Medical devices, such as catheters, are widely used to access the internal body lumen of a patient. Such devices are commonly used to create direct vascular access for medical device placement, hemodynamic monitoring, pharmaceutical injections, infusion therapies, and a wide and rapidly growing range of interventional procedures. These procedures often require repeated and/or sustained access to the body lumen and may be partially or wholly implanted, e.g., subcutaneously, percutaneously, or transcutaneously, at sites throughout the body e.g., femoral, popliteal, brachial, axial, tibial, and carotid. After access is established, it is critical that the device is secured to prevent unintentional motion or displacement. Often, the extracorporeal portion of the catheter, adjacent to the insertion site, is secured to the patient via adhesive tape, sutures, or catheter-specific securement devices. As the catheter enters the patient at an angle, the sudden bend of the catheter external to the patient in order to secure the catheter parallel to the patient's body may cause insertion site stress and discomfort to the patient, and also excessive bleeding.
It is common for patients with transcutaneously situated catheters to experience bleeding at the insertion site of the catheter. Without proper support and stabilizing systems readily available to stop the bleeding, medical professionals may resort to wedging objects between the catheter and the patient's skin adjacent to the catheter insertion site so that the catheter will enter the patient's body at the insertion angle, to reduce or stop the bleeding. This is most often done in response to insertion site bleeding, necessitating hemostatic intervention and in some cases repositioning and re-procedure which could be avoided with a proper catheter stabilizing system.
Moreover, the repeated manipulation and movement of the extracorporeal portion of the catheter causes wear and damage to the catheter, as well as communicates motion to the patient's skin adjacent to the catheter insertion site, thereby causing various complications depending upon the type of catheter used. To stabilize the extracorporeal portion of the catheter, tie-down materials, such as bandaging, patches with upstanding anchoring posts, medical adhesive tape, belts, elastic bands, and sutures, are typically used, all of which do not rid of the complications described above with regard to patient discomfort and bleeding.
Devices have been theorized for securing and/or stabilizing a catheter to a patient. For example, U.S. Pat. No. 5,484,420 to Russo describes a retention bolter for a percutaneous catheter which has a convexly curved exterior surface which contacts the epidermal surface of the patient. The retention bolster slides over the catheter until it contacts the patient's skin at the catheter exit site. When secured in place, the retention catheter rocks along contacting portions between its convexly curved surface and the patient's skin in response to movement of the catheter about the exit site, thereby alleviating pressure that would otherwise be applied by the movement. However, the retention bolster described therein does not accommodate varying insertion angles of various catheters and would potentially cause unwanted bending and/or kinking of the catheter.

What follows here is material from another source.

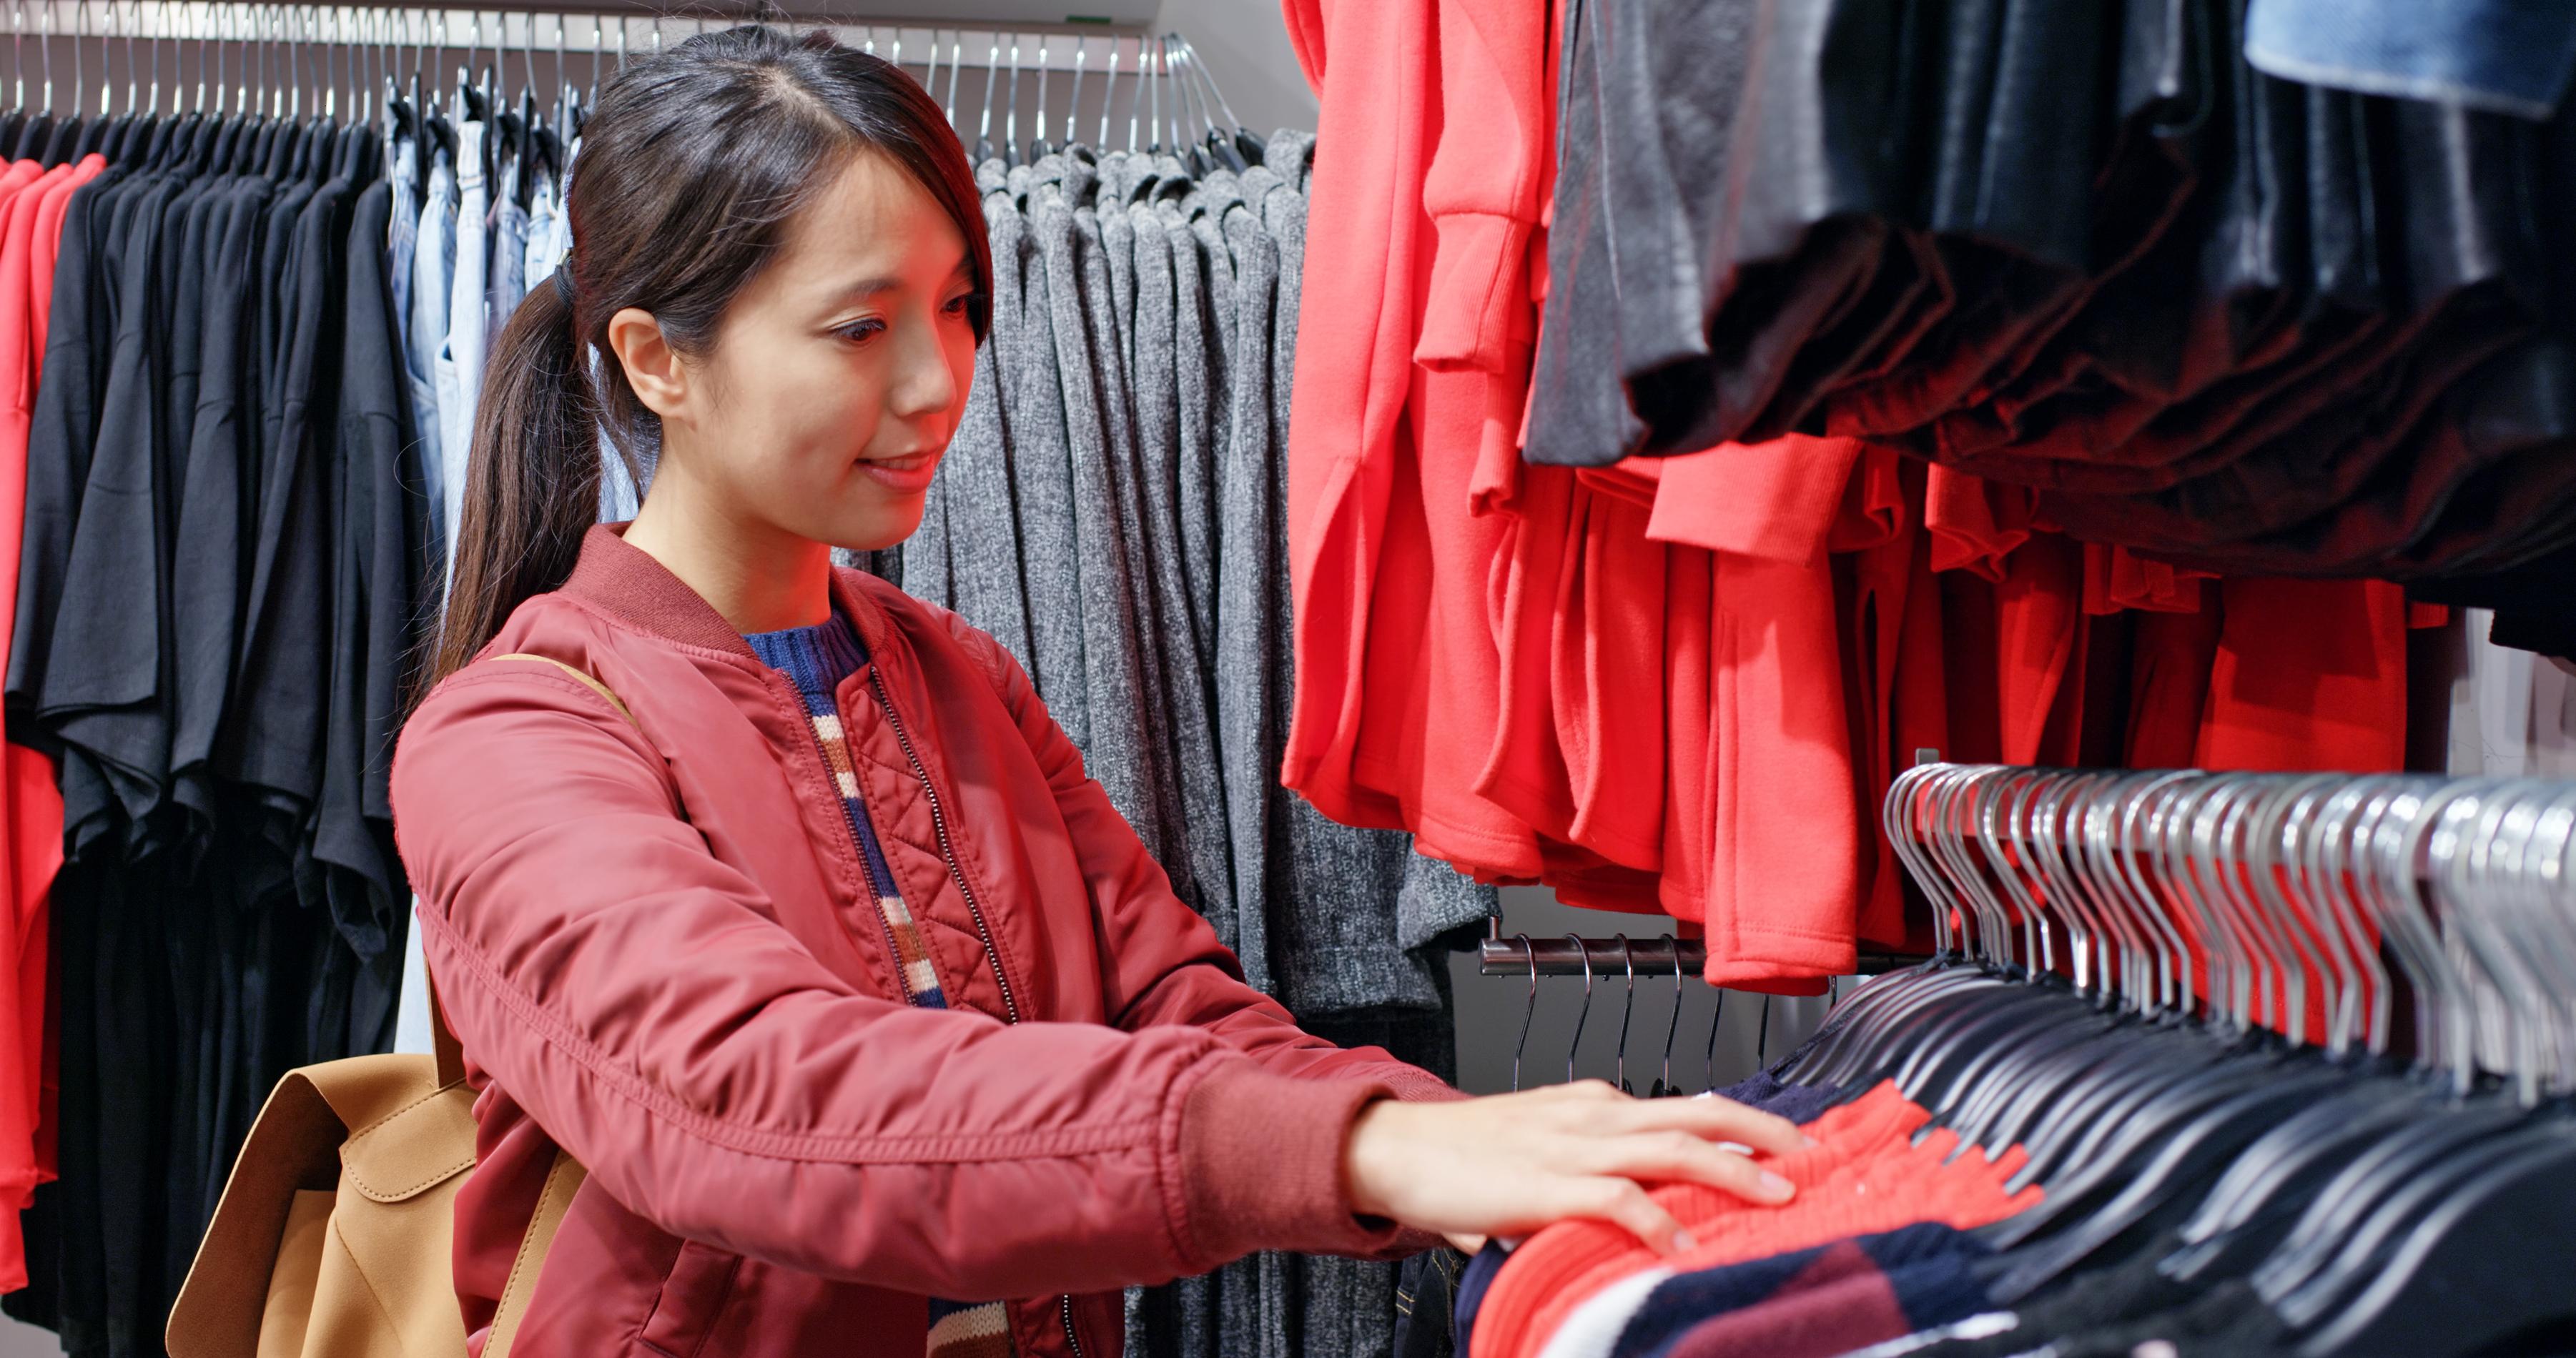 Seuil promo mode et accessoires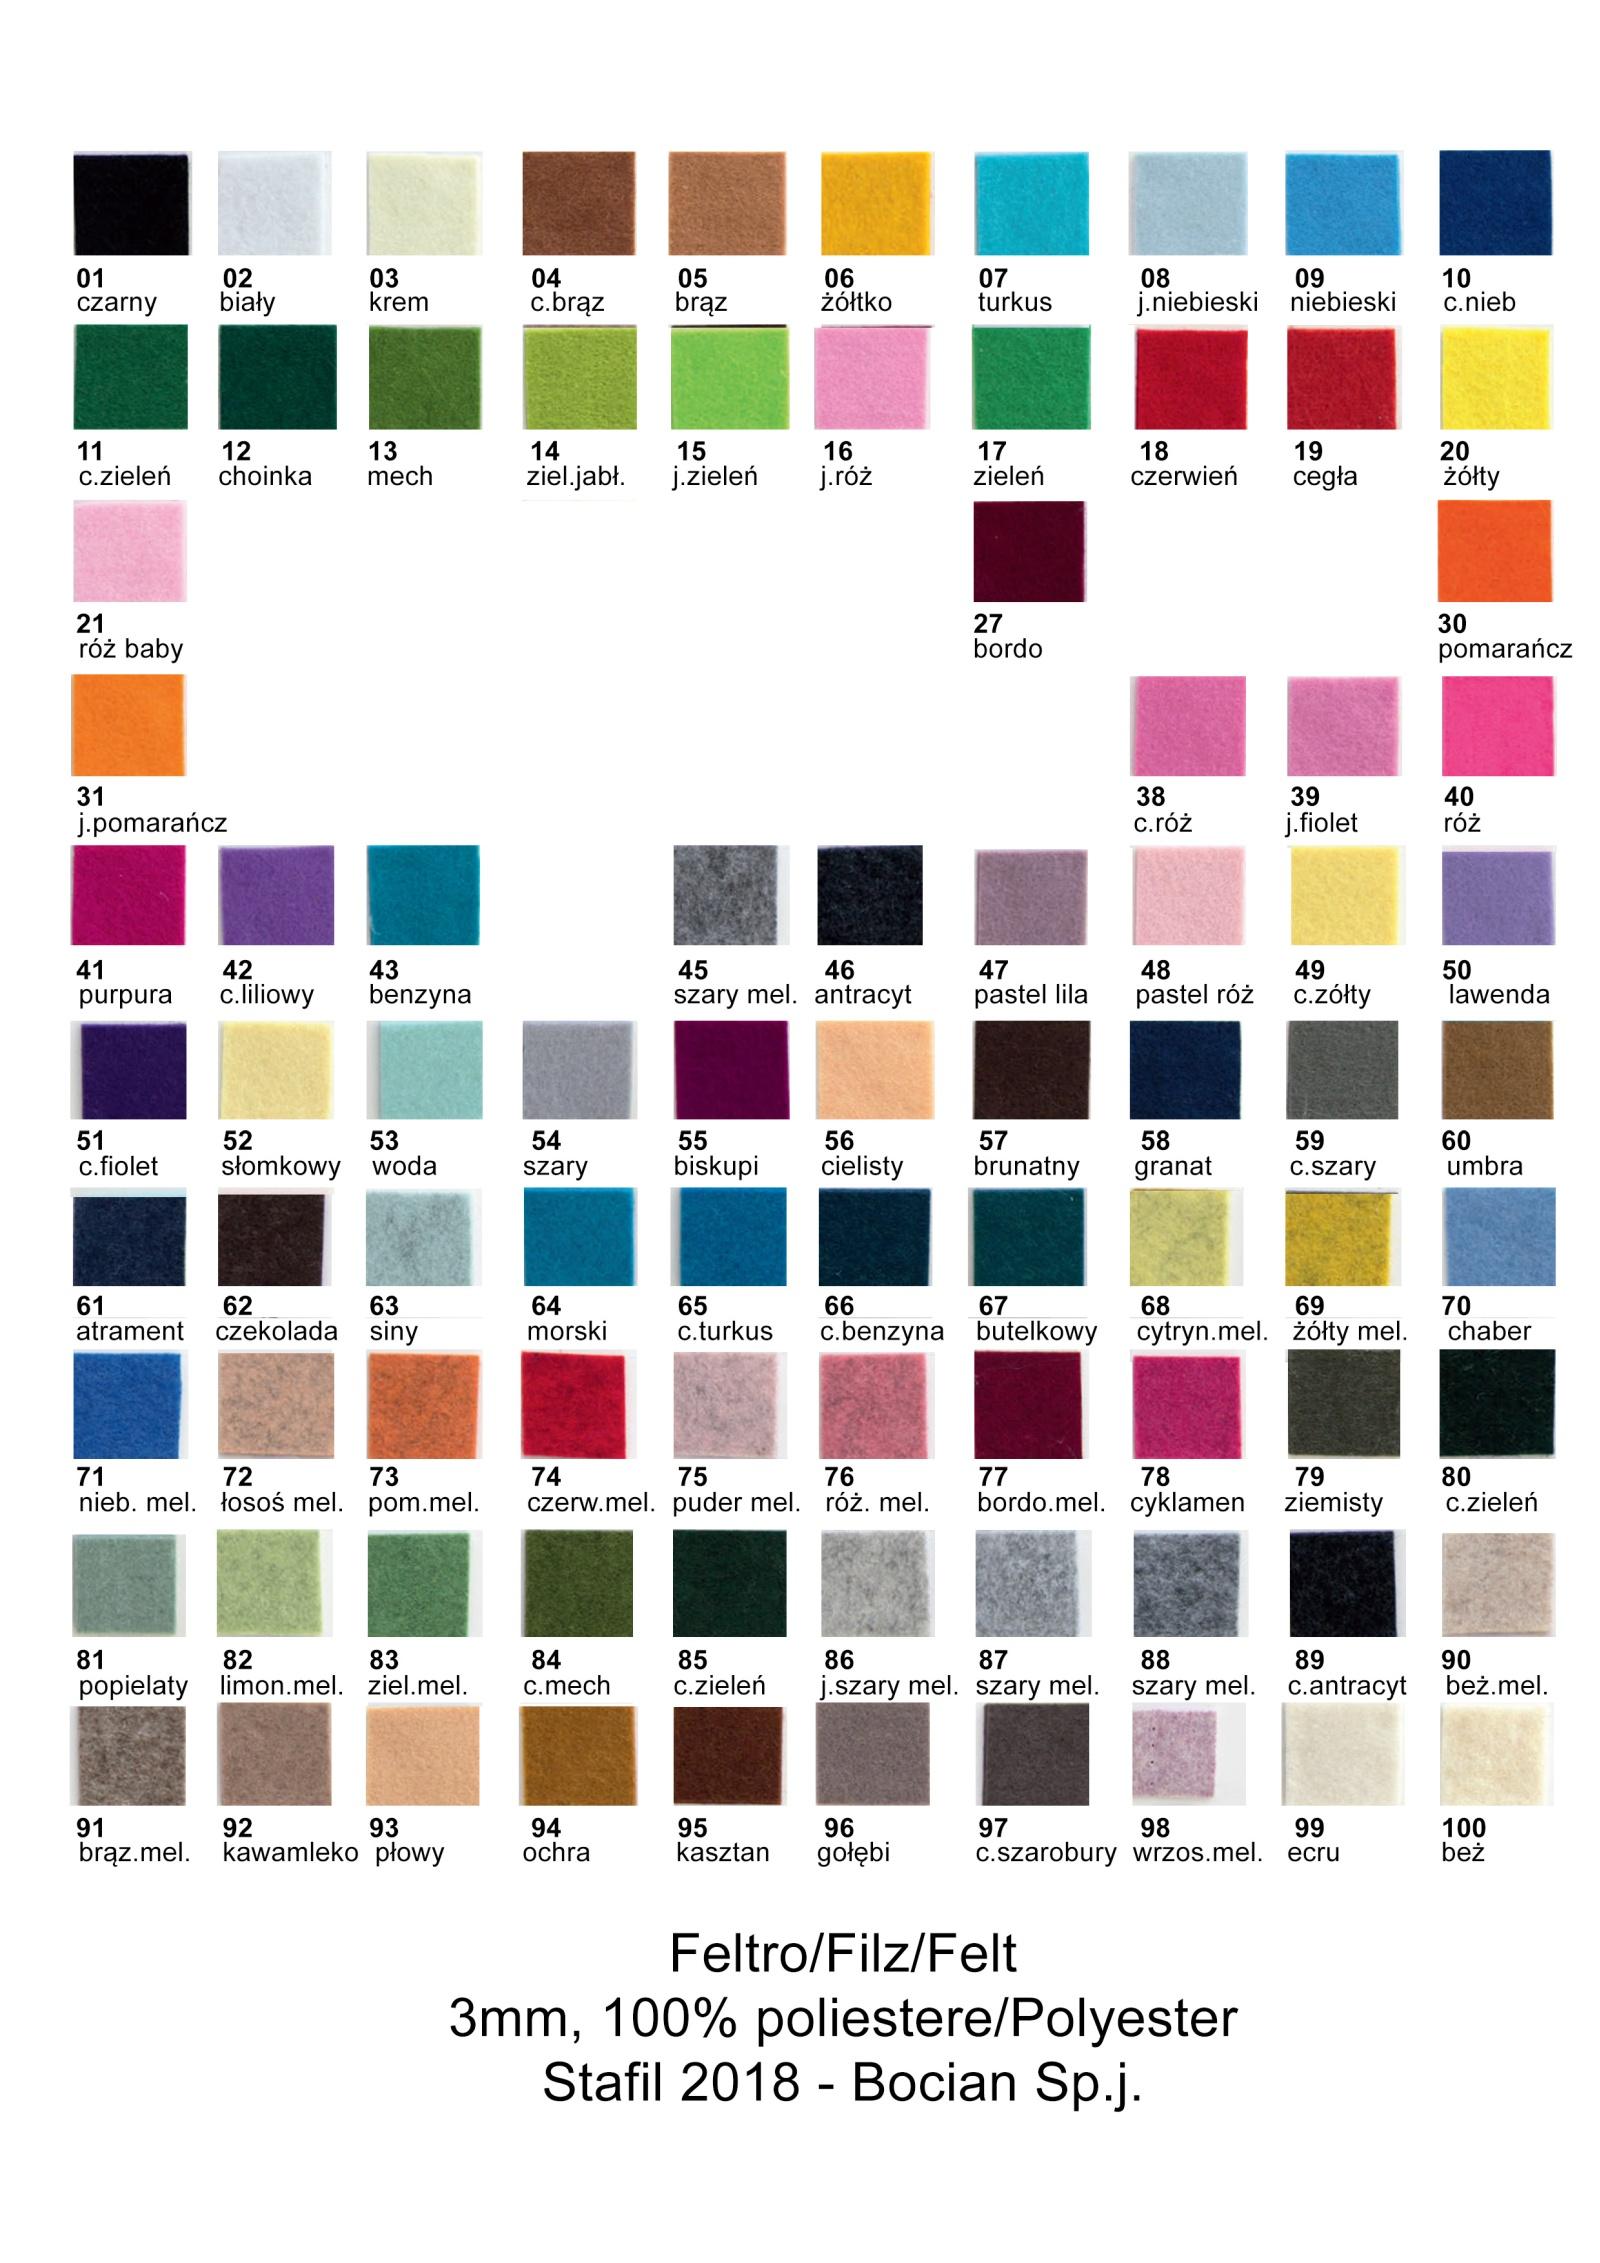 Filc 3mm wzornik kolorów

U.S. Pat. No. 6,332,874 to Eliasen describes a stabilization sleeve having stabilization wings for receiving a catheter to provide axial and bending strain relief to the catheter. The lumen of the stabilization sleeve may be slightly angled; however, the stabilizer sleeve does not accommodate varying insertion angles of various catheters. U.S. Pat. No. 7,635,354 to Navarro describes a device for fixing a catheter to the body of a patient. The device includes a housing which can be closed by a lid, the housing having a first chamber for passing the portion of the catheter that enters the patient's vein, and a second chamber for accommodating and maintaining the catheter. The device described therein does not accommodate for the insertion angle of the catheter.
U.S. Pat. No. 9,486,613 to Dickert describes a catheter securement device that has a flexible base member and a single piece elastomeric anchoring member mounted to an adhesive side of the base member. The anchoring member has a pair of opposing pull tabs that may be pulled to open a slit of the anchoring member for receiving a catheter hub therein. The anchoring member includes a third tab that is insertable into the slit for securing the catheter hub between the anchoring member and the base member. The catheter securement device described therein does not accommodate for the insertion angle of the catheter.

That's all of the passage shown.